Saturday, July 4, 2020

What did Donald Trump do today?

He tried one more time to whistle past the graveyard of COVID-19 in America.

In a pair of tweets today, and in a White House speech, Trump once again insisted that the coronavirus pandemic that has killed considerably more than 132,000 Americans is really just a statistical glitch.

Cases, Cases, Cases! If we didn’t test so much and so successfully, we would have very few cases. If you test 40,000,000 people, you are going to have many cases that, without the testing (like other countries), would not show up every night on the Fake Evening News..... ....In a certain way, our tremendous Testing success gives the Fake News Media all they want, CASES. In the meantime, Deaths and the all important Mortality Rate goes down. You don’t hear about that from the Fake News, and you never will. Anybody need any Ventilators???

It's simply not true that the eventual increase in testing capacity—which Trump famously said was not his responsibility, but is now taking credit for—accounts for the last month's increase in positive results. The percentage of positive tests (the blue line in the graph below) is increasing, too—and fast.

Johns Hopkins University

Put in terms Trump, a former high school baseball player notorious for inflating his stats, might understand: a player's batting average goes up when he gets a hit a higher percentage of the time, not just because he's getting more at-bats to "find" hits with.

Later, in a speech, Trump said that "99%" of positive cases are "totally harmless." It's true that most people survive the virus—but the long-term effects are only just now becoming clear, and they are anything but harmless. Complications already discovered include long-term damage to the brain, lungs, and other organs. 

If the virus ran unchecked through the United States and half of the population contracted it, 99% survival would mean about 1.6 million Americans died from it.

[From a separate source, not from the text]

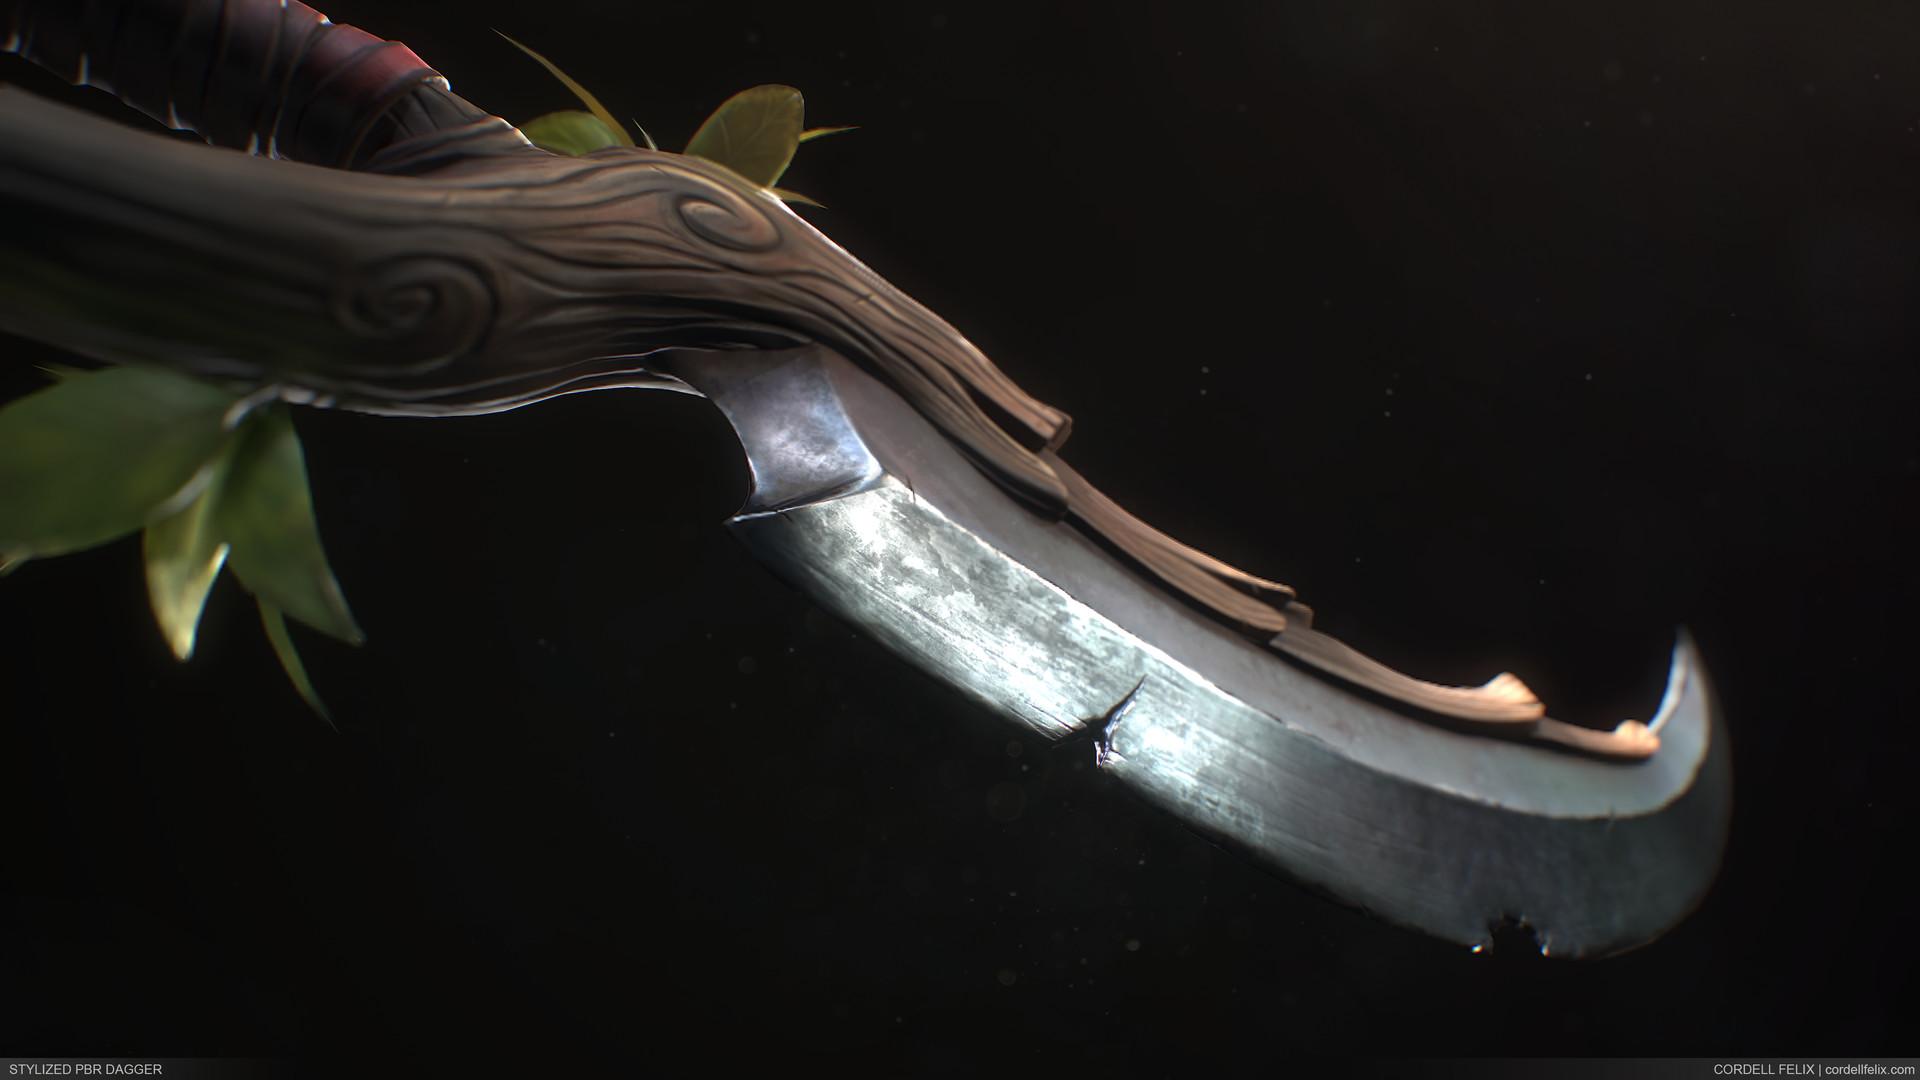 Cordell felix cordellfelix dagger 06

There's also the problem that while young and healthy people generally survive the disease, they don't want to be responsible for passing it on to people more vulnerable to it. Trump, who lives in a protective bubble bought at the cost of his own Secret Service detail's health, appears to be aware of this on some level: he has insisted on measures that make it physically impossible to get anywhere near him without an on-site test.

Why should I care?

  • When a situation is this serious, it really doesn't matter if a president is ignoring it because he doesn't understand it, or because he's incapable of fixing it.